Hope was active in several other civic and political organizations, serving as a National Committeewoman on the Democratic National Committee; delegate to the 1972, 1976, and 1980 Democratic National Conventions; chair of the Washington County Democratic Party; and Washington County campaign chair for many national, state, and local candidates.

Hope was a Brownie, Cub Scout, and 4-H leader during the years her children were active in those groups, and she volunteered at the Washington County Fair for several decades, helping to stage and judge the baking competition.

Hope was a volunteer day-camp leader for central city children at the Northcott Neighborhood House in Milwaukee in the late 1960s and early 1970s, and she and Paul were tutors in recent years at Our Next Generation, a nonprofit organization serving children in the central city of Milwaukee.

After Hope retired from office and Paul retired from teaching at West Bend East High School, she and Paul traveled to 30 countries while remaining active in political and charitable causes.

More information on services will be posted when details are available.


  1. I was ever grateful for Mrs. Cross’ influence in my life. She was active in the WauBun Girl Scout Council in the 50’s and sponsored writing contests in the Council’s newsletter. I won awards for my entries both years the contest was held. Mrs. Cross came to my house to “present” my prizes and stayed to give me encouragement to continue writing, which I have done all my life, letters, stories, gift books, and now I am working on a novel. Classmate Emily Mehring also won awards. After all your civic contributions, may your Rest In Peace.
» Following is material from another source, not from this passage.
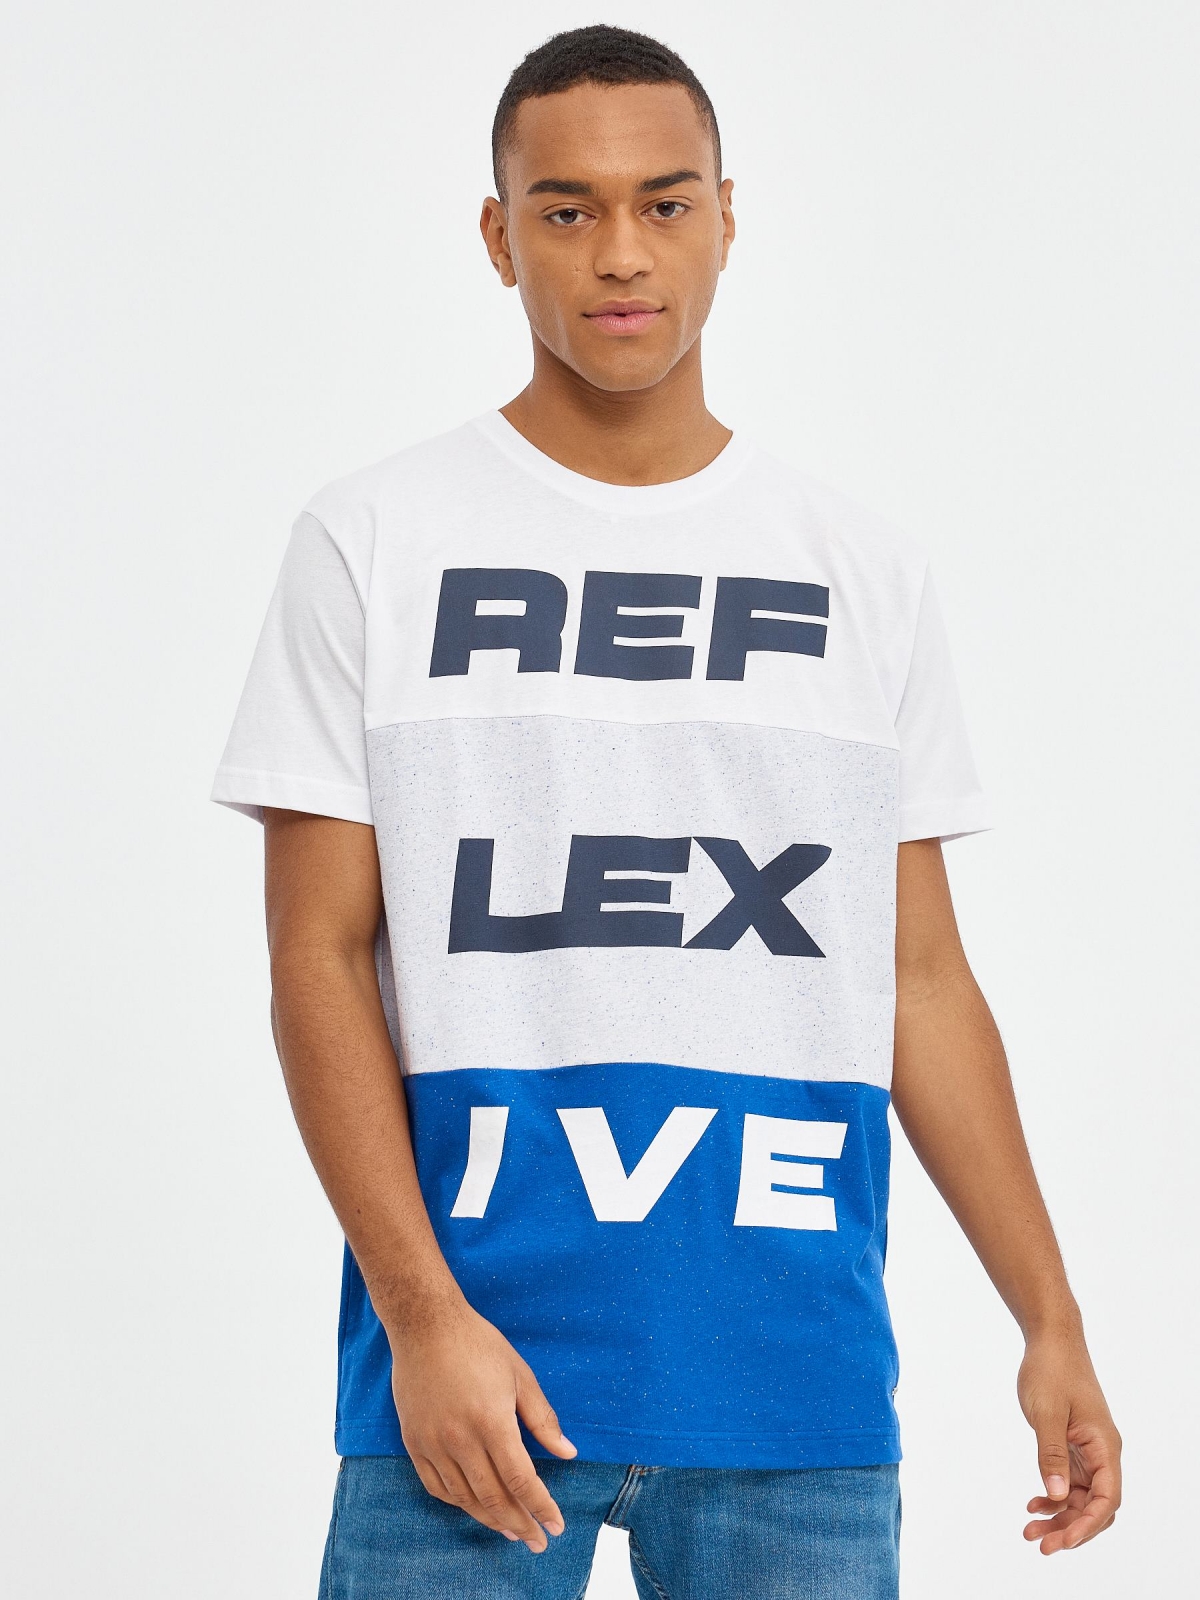 REF LEX IVE T-shirt blue middle front view

  2. thank you Sue. You expressed what so many of us appreciate with the gifts of Hope Cross. She surely shared them all! When I think of the Cross Family, I think of the energy expended in raising money for the Bob Cross run. The forerunner of Relay for Life. She/Bob and Paul made our community a better place.

  3. I had the fortune of seeing Hope recently, my stepfather a newer resident at Ivy Manor. Her husband Paul Nelson was my physics teacher in the late 80’s, and he was so dutifully and lovingly by her side each day while at Ivy Manor. Our deepest condolences to Paul and the rest of Hope’s family. What a beautiful life and legacy.

  4. One of the greatest women to influence my life, I was honored to know her in my youth and to be reunited just before her passing. She was a pioneer of her day and made a considerable difference in the lives of people and animals alike. Thank you Hope, for giving hope to so many.